1.2. Interaction with overloaded & operator

The C wording is also problematic because as stated above, C requires from the user that

&(t. member-designator) evaluates to an address constant.

It is unclear from normative wording whether the & refers to the non-overloaded & operator in C, or the potentially overloaded & operator in C++.

[support.types.layout] footnote 165 states that

offsetof is required to work as specified even if unary operator& is overloaded for any of the types involved.

However, this doesn’t clearly answer the question of what & in the C wording means when pulled into C++. It also isn’t normative, and seemingly unsupported by any normative wording.

1.3. Interaction with non-public members

As stated above, C requires that

&(t. member-designator) evaluates to an address constant.

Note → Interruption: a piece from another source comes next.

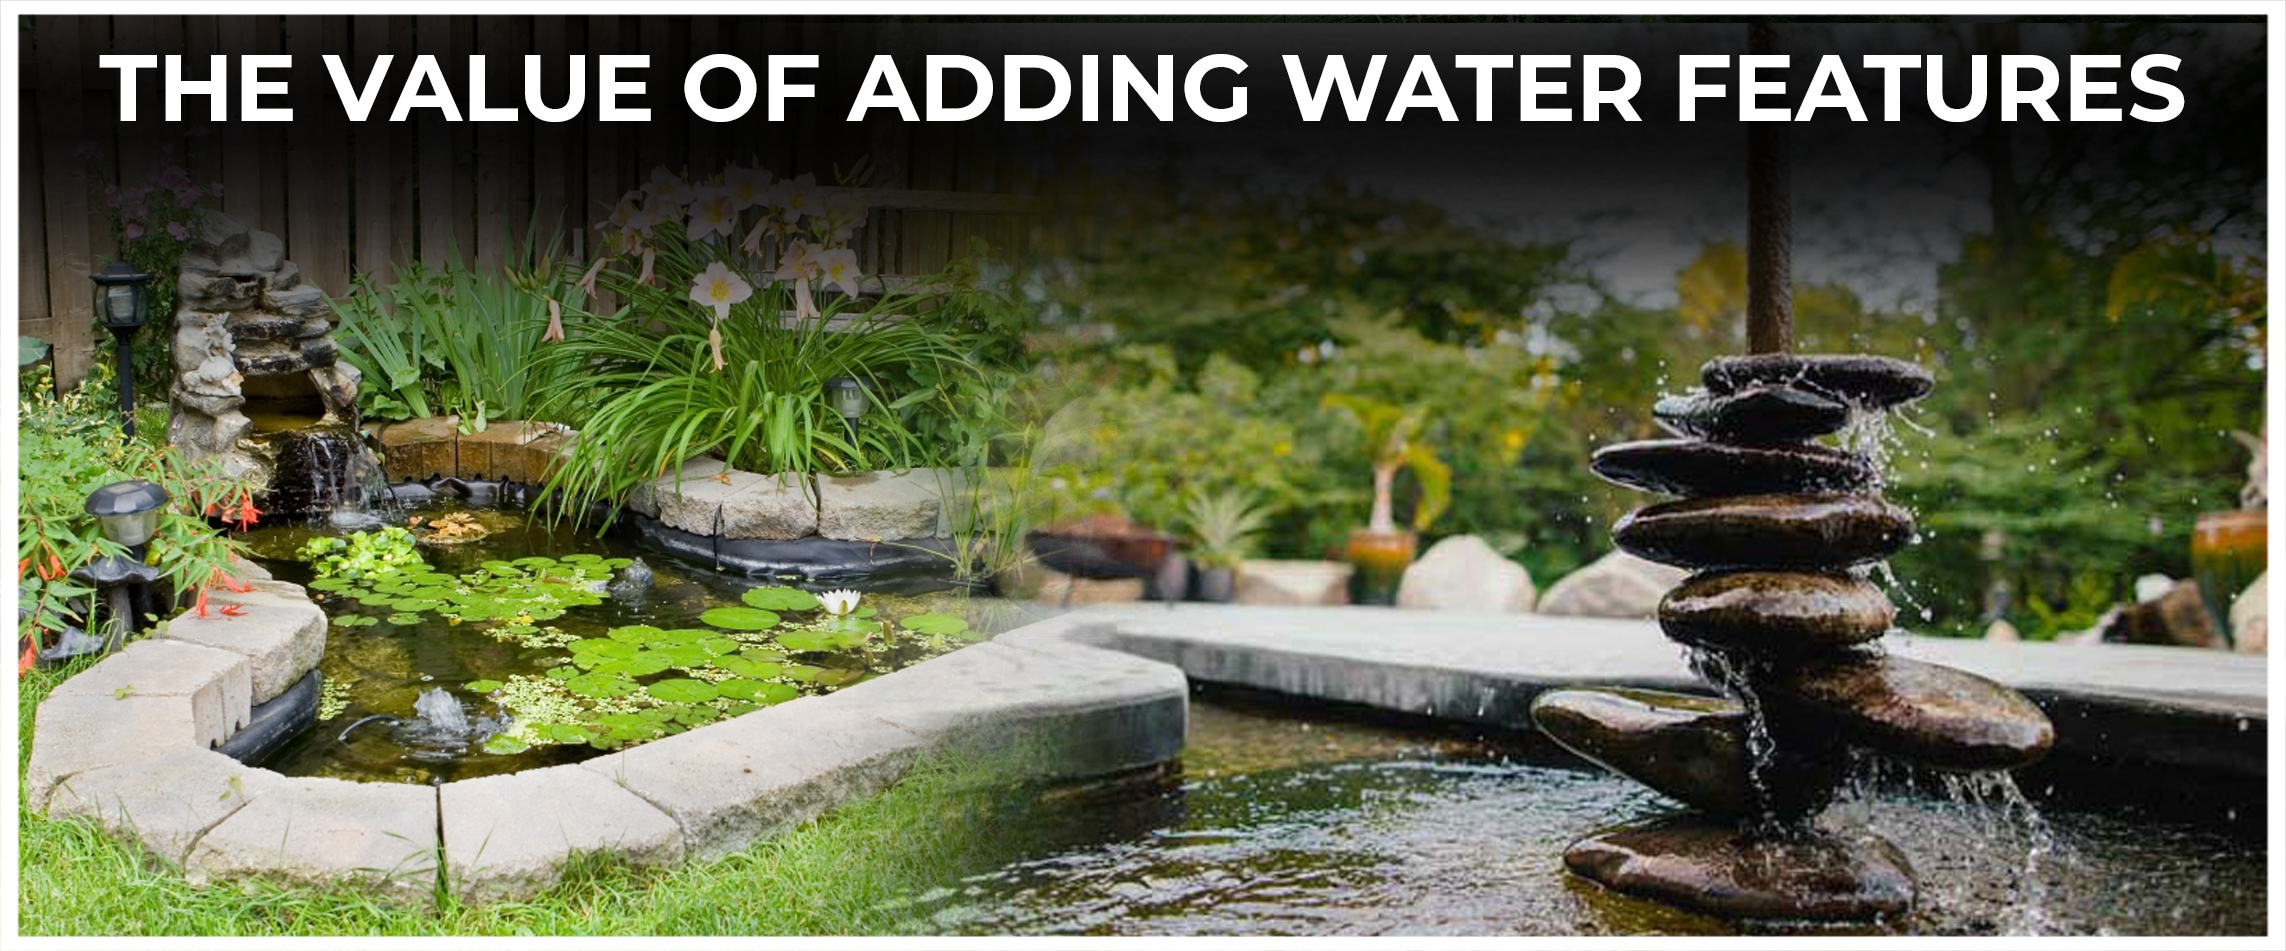  The Value of Adding Water Features

If this expression has semantics defined in C (without operator overloading and access control), then a member-designator which designates a private member should be accepted as well.

However, MSVC, GCC, and Clang reject offsetof(type, m) where m is a private member.

Note: A class can be standard-layout as long as all non-static data members have the same access control.

1.4. Undefined behavior for non-default-constructible classes

As stated above, the C standard describes restrictions given the declaration static type t;. Obviously, this would not work for non-default-constructible types, which suggests that offsetof has undefined behavior for any class type that has no accessible default constructor.

2. Impact

3. Implementation experience

Note that the current implemented behavior historically originated from the C implementation:

#define offsetof(T,m) ((size_t)&((T*)0)->m) 

However, this doesn’t handle overloaded & operators properly (among other issues), so MSVC, GCC, and Clang now delegate this to __builtin_offsetof(T, m).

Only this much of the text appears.